The mean plasma sCD154 concentration was 9.10 ± 3.63 ng/ml. The cutoff for the lowest quintile of sCD154 was 6.42 ng/ml. None of the 47 patients with a sCD154 concentration below the cutoff at study entry died from atherothrombotic diseases in the subsequent 52 mo, whereas 20 of 185 patients with sCD154 ≥6.42 ng/ml died as a result of these diseases during the follow-up period. The mean sCD154 plasma concentration at study entry was also significantly higher in patients with fatal atherothrombotic events during the follow-up versus survivors (10.65 ± 2.82 versus 8.76 ± 3.62 ng/ml; P < 0.05). The total number of fatal and nonfatal atherothrombotic events (myocardial infarction, stroke, and mesenteric ischemia) during the 52-mo observation period was 66. The distribution of all and only fatal atherothrombotic events among the various quintiles are given in Table 1. Patients with sCD154 concentrations within the lowest quintile had a substantially reduced event rate. Only five atherothrombotic nonfatal events occurred in the lowest quintile (in patients with sCD154 <6.42 ng/ml), whereas 61 fatal and nonfatal atherothrombotic events were seen in patients with sCD154 ≥6.42 ng/ml (P < 0.005; see also Table 1). Death or hospitalization as a result of any other reason (arrhythmia, heart failure, infectious diseases, and cancer) were not linked to sCD154 plasma concentrations. Kaplan-Meier curves for sudden cardiac death/arrhythmia, heart failure, and infectious diseases likewise showed no impact of sCD154 on survival and the combined end point survival and hospitalization (Figure 1). Death or the combined end point death and hospitalization as a result of cancer were relatively rare events and also not related to CD154 plasma levels at study entry (P = 0.546 and P = 0.526, respectively; Kaplan-Meier curves not shown). Kaplan-Meier curves for survival and the combined end point death/hospitalization (Figure 2) as a result of atherothrombotic diseases, conversely, showed that CD154 plasma levels at study entry in stable, nonsymptomatic patients with ESRD predict both fatal and nonfatal atherothrombotic events (myocardial infarction, stroke, mesenteric ischemia).

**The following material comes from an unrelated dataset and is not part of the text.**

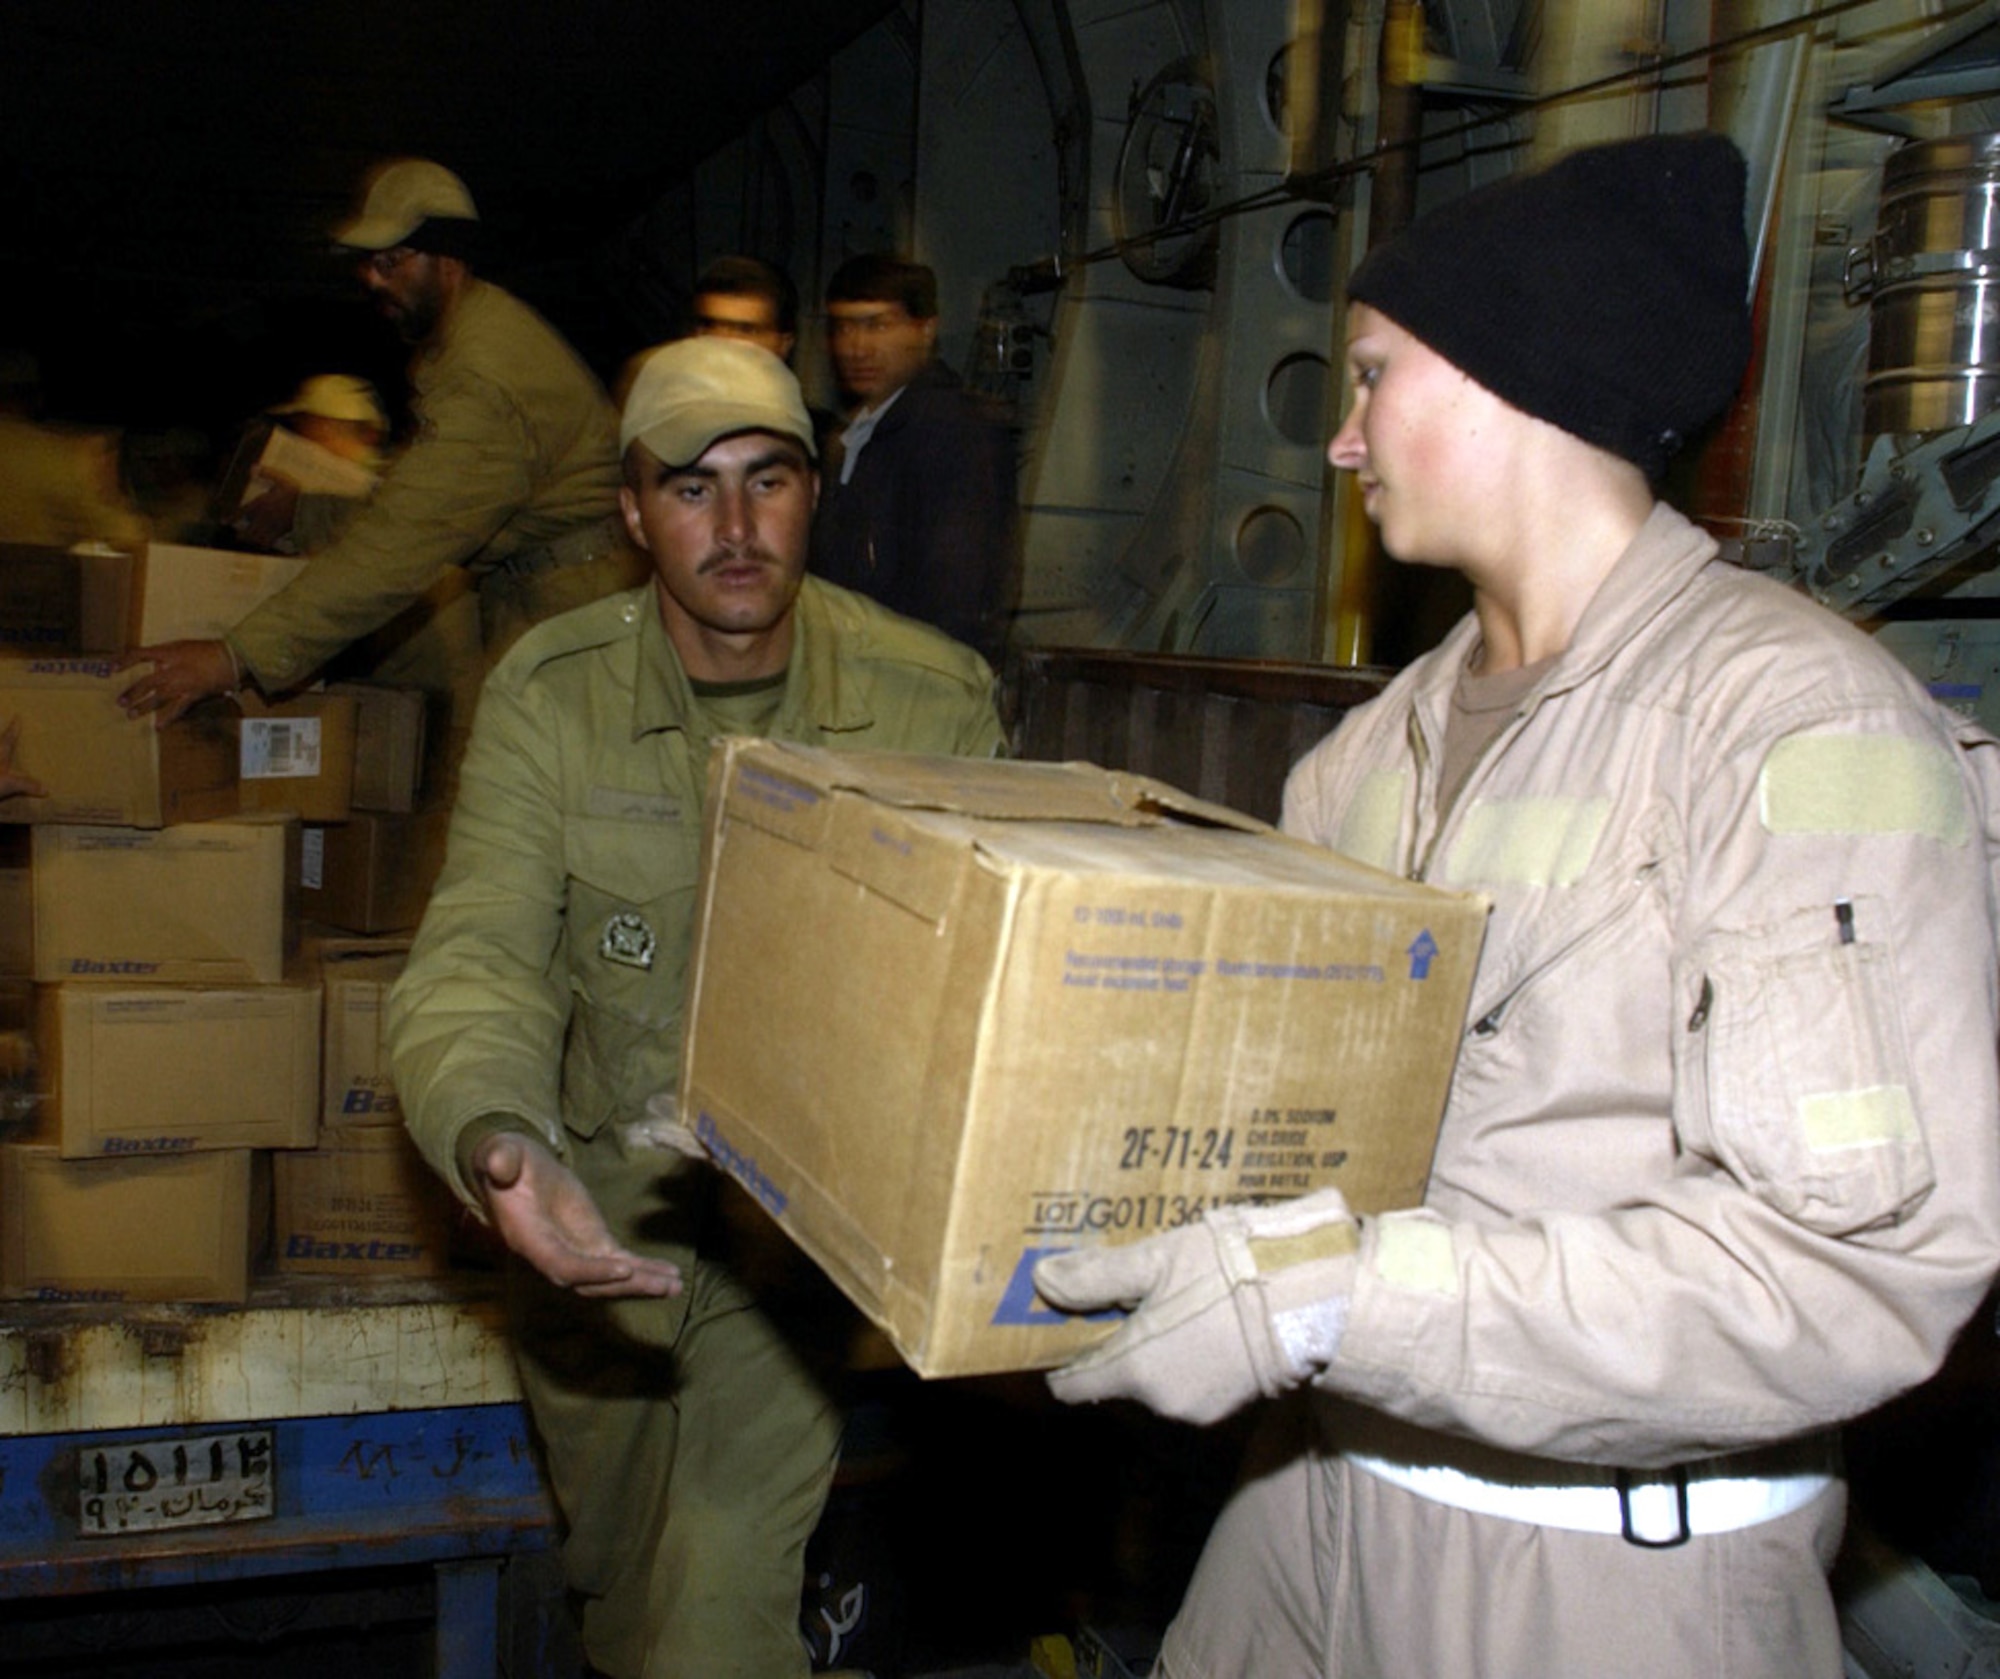 KERMAN, Iran -- Senior Airman Lindsey Whicker hands a box of water to an Iranian soldier here Dec. 28 as part of humanitarian relief efforts.  Whicker is assigned to the 746th Expeditionary Airlift Squadron and was part of a C-130 Hercules crew which airlifted 20 pallets of humanitarian supplies to Iran after an earthquake destroyed the city of Bam.  (U.S. Air Force photo by Staff Sgt. Suzanne M. Jenkins)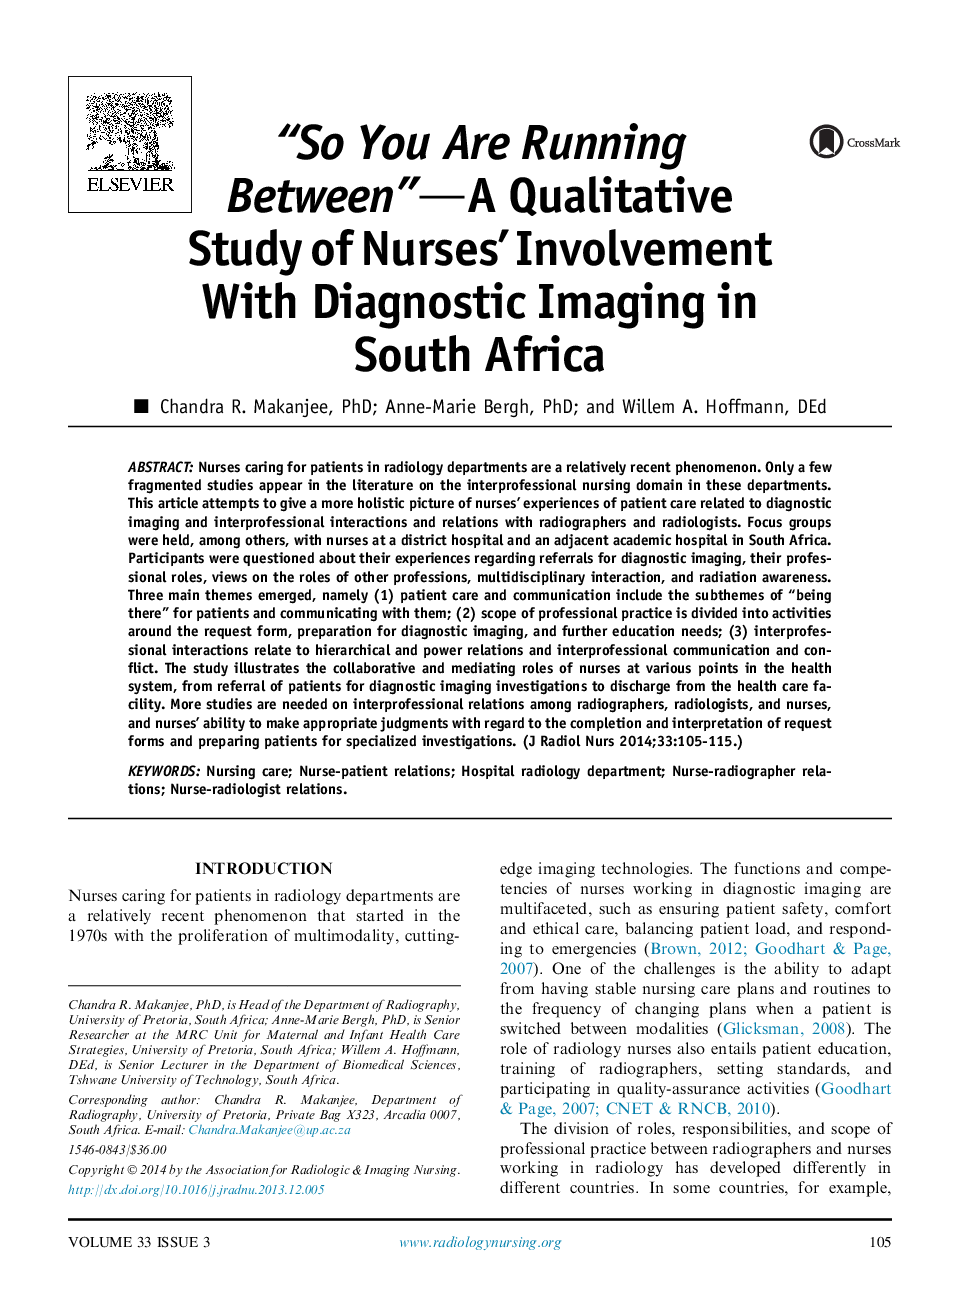 “So You Are Running Between”—A Qualitative Study of Nurses' Involvement With Diagnostic Imaging in South Africa

Kaplan-Meier curves, according to CD154 plasma levels, for sudden cardiac death; death as a result of heart failure and infectious diseases; and the combined end point mortality and hospitalization for sudden cardiac death/arrhythmia, heart failure, and infectious diseases. Blue lines, patients with CD154 levels of <6.42 ng/ml; red lines, patients with CD154 levels of >6.42 ng/ml. Survival rates were compared with the log-rank test.
Kaplan-Meier curves, according to CD154 plasma levels, for fatal atherothrombotic events (myocardial infarction, stroke, mesenteric ischemia) and the combined end point mortality and hospitalization for atherothrombotic events (myocardial infarction, stroke, mesenteric ischemia) among patients with ESRD. Blue lines, patients with CD154 levels of <6.42 ng/ml; red lines, patients with CD154 levels of >6.42 ng/ml. Survival rates were compared with the log-rank test.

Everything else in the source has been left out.